The question is about how to conveniently adapt the library to a new medium defined in the application code. Since there are several models of different pieces of equipment it is natural to have a partial model that defines the type of connectors the equipment should have and then one only make changes in the partial model when adaptation of connectors are needed.
To me it looks like I need a three-step adaptation process of the library, instead of one-step that I hope for. I have a detailed example below that makes it possible ask the question more clearly.
The example is a model for pumping liquid from one vessel to another, i.e. we have a feed tank, a pump and a harvest tank. The liquid medium contains originally two substances and now in the application we want to model seven substances.
In the application code the new medium with seven substances are declared as a package Medium7. The adaptation of the library models for pump, feed and harvest tanks are made in the following three steps:
Define a connector LiquidCon7 as an extension of import of standard connector LiquidCon from the library and redeclare the medium to Medium7
Define a partial model EquipmentMedium7 as an extension of import of standard partial model EquipmentMedium and where the connector is redeclared LiquidCon to LiquidCon7
Define a package Equipment7 as an extension of import of the standard package Equipment where the partial model is redeclared from EquipmentMedium to EquipmentMedium7.
First now a system can be defined in the application code that is tailored to Medium7 using equipment from Equipment7.
—
I wish I could do the adaptation more direct than described above. If I avoid dividing the code in library and application like I do here then it is much more easy to switch from Medium2 to Medium7, by just changing the medium used in the LiquidConType and then that change propagate through the whole system.
When I read text book material on the subject by Tiller and Fritzson or when I try to understand MSL code I find similar structures but still not what I have here. I also think my questions of how to effectively adapt a library to changes in interfaces called for by a new application is not limited to medium, but a much wider range of code.
Just read Tillers paper "Patterns and anti-patterns in Modelica" from 2008 and in section 2.3 "Medium Model Pattern" here is a discussion that relate to my question and think of the last few lines on pg 649.

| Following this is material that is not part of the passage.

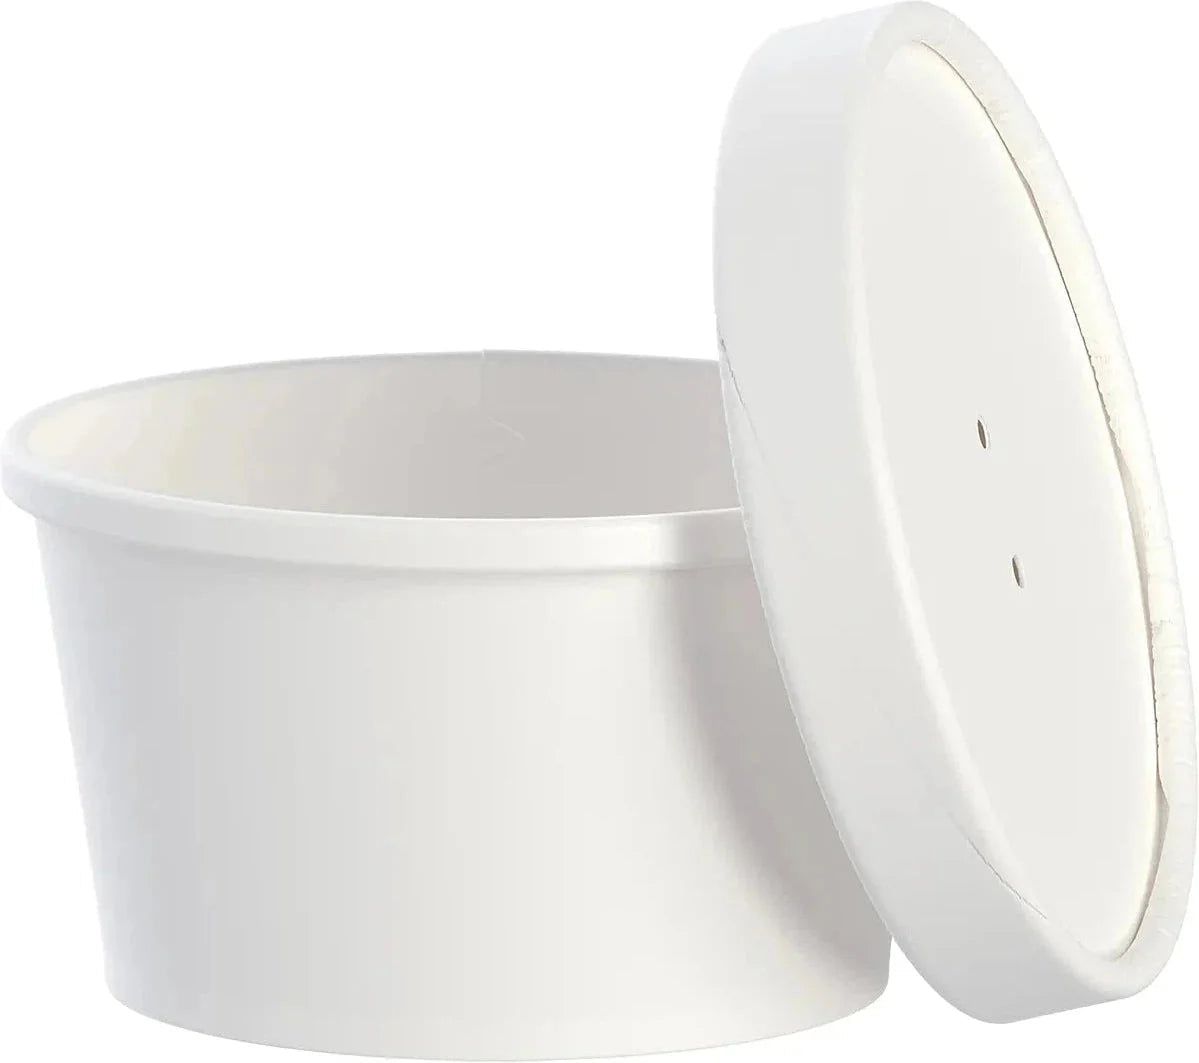 Dart Container - 8 Oz White Squat DSP Paper Food Container and Lid Combo Pack, 250/Cs - KHSB8A-2050

I just realised that my model structure breaks the Modelica definition, because you are not allowed to extend PumpType, FeedtankType etc from the partial model EquipmentMedium since I need the EquipmentMedium to be replaceable. See Modelica def 3.2 rev 2 section 6.2.1 “Transitively non-Replaceable”.
I would appreciate some comments on the subject and perhaps reading advice. Alternative solutions to my toy-problem is also very wellcome!
Thanks, Jan Peter
I do not know how to append a code file but below I show the application code described above. The library DATA_v04 is straight forward. But note that I need to define models PumpType, FeedtankType etc using extend from a partial model EquipmentMedium...and not allowed.

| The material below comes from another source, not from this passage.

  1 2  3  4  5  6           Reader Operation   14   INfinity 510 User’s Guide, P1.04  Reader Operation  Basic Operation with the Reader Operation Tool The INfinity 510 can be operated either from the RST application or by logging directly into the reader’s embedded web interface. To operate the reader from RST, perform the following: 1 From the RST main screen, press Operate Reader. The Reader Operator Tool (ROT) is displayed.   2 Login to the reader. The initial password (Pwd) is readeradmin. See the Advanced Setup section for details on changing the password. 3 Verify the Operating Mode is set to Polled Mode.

encapsulated package d4_app7
// ------------------------------------------------------------------------
// Interfaces
// ------------------------------------------------------------------------
import Modelica.Blocks.Interfaces.RealInput;
import Modelica.Blocks.Interfaces.RealOutput;
package Medium7
constant String name = "Seven components" "Medium name";
constant Integer nc = 7 "Number of substances;
type Concentration
= Real[nc] (each min=0, each unit="kg/m3") "Substance conc";
end Medium7;
// ------------------------------------------------------------------------
// Adaptation of library DEMO to Medium7
// ------------------------------------------------------------------------
connector LiquidCon7
import DEMO_v4.LiquidCon;
extends LiquidCon(redeclare package medium=Medium7);
end LiquidCon7;
partial model EquipmentMedium7
connector LiquidConType=LiquidCon7;
end EquipmentMedium7;
package Equipment7
import DEMO_v4.Equipment;
extends Equipment
(redeclare partial model EquipmentMedium=EquipmentMedium7);
end Equipment7;
import DEMO_v4.Control;
// ------------------------------------------------------------------------
// Examples of systems
// ------------------------------------------------------------------------
model Test
LiquidCon7.medium medium;
Equipment7.PumpType pump;
Equipment7.FeedtankType feedtank;
Equipment7.HarvesttankType harvesttank;
Control.FixValueType Fsp(val=0.2);
equation
connect(feedtank.outlet, pump.inlet);
connect(pump.outlet, harvesttank.inlet);
connect(Fsp.out, pump.Fsp);
end Test;
end d4_app7;
I have got some input to this problem to simplify the adaptation of the library code to application both from JModelica and OpenModelica support and I share it here.
The code in the original questions do work in JModelica and OpenModelica but I found it “clumsy” and also actually has a central flaw that people in the OpenModelica community has pointed out to me. I use the partial model EquipmentMedium as parameter for the package Equipment and in the package extend from it. To extend from a replaceable model gives too much flexibility here and gives in OpenModelica 2.0-beta error (but not in earlier versions of OM).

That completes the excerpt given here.